– Ты спасла мне жизнь, – сказал он с дрожью в голосе. – Оставайся здесь, но будь внимательна, я должен спуститься вниз.

Она кивнула, совершенно не вникая в его слова, лишь уловив движение воздуха, когда Томкин прошел мимо нее и вышел на лестницу, переступив через тело Тристана.

Женевьева так и застыла на месте, не в силах отвести взгляда от неподвижного тела Ланкастерского Рыцаря. Она говорила себе, что это было справедливым возмездием, но чувствовала на своих руках его кровь, и на душе у нее было очень тяжело.

Дрожь с такой силой сотрясала ее тело, что она больше была не в состоянии держаться на ногах. Женевьева опустилась прямо на пол и внезапно почувствовала приступ безумного смеха. Одновременно ей захотелось плакать, и она плакала и смеялась, обхватив голову руками и чувствуя в висках пульсирующую боль, возникшую совершенно неожиданно.

Если она закроет глаза, то все исчезнет: и ланкастерцы, и лежащее перед ней огромное тело мужчины, убитого ею, и эта тупая боль.
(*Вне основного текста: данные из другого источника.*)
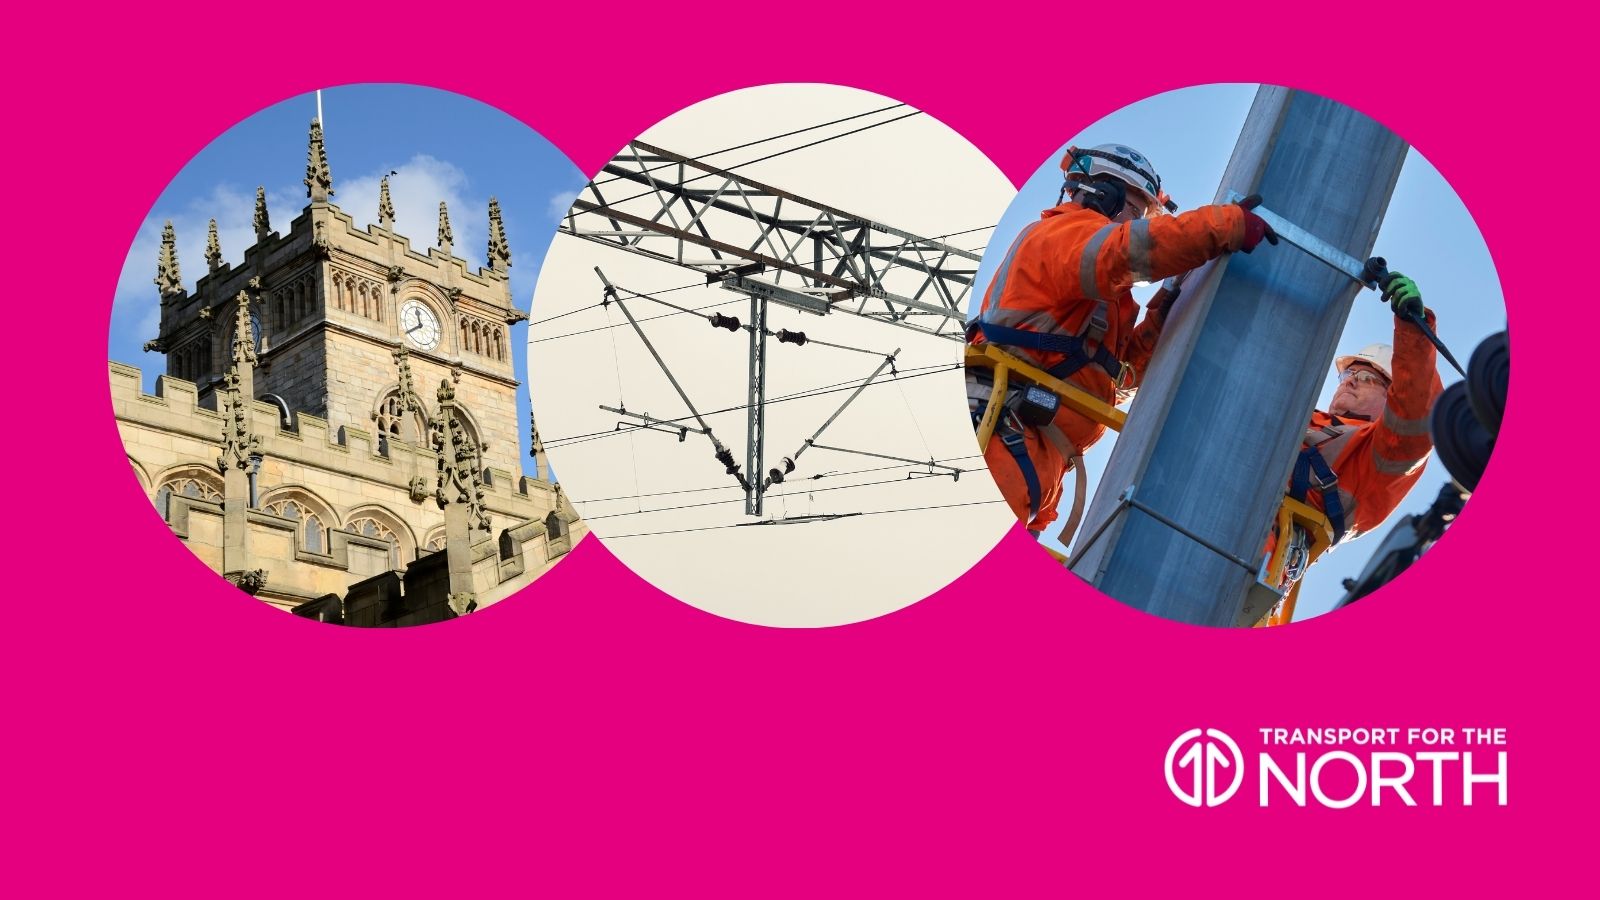 Wigan Church, Rail electrification lines and Network Rail workers

Но когда девушка открыла глаза, все оставалось, как прежде. Он все еще лежал на полу, безжизненный, огромный, его глаза были закрыты, она могла лишь видеть темные, густые волосы, слипшиеся от крови.

Вдруг ей показалось, что она видит, как он смотрит на нее укоризненным и гневным взглядом, суля исполнение своего проклятья, снова и снова проклиная ее.

Она с еще большей силой сдавила голову руками. Наконец до ее ушей донесся шум из нижнего зала. Ее тело сотрясалось от рыданий, она билась в истерике. Внизу творилось что-то невообразимое. Все происходило совсем не так, как они планировали, и не было возможности что-то исправить. Там, внизу люди сражались и умирали…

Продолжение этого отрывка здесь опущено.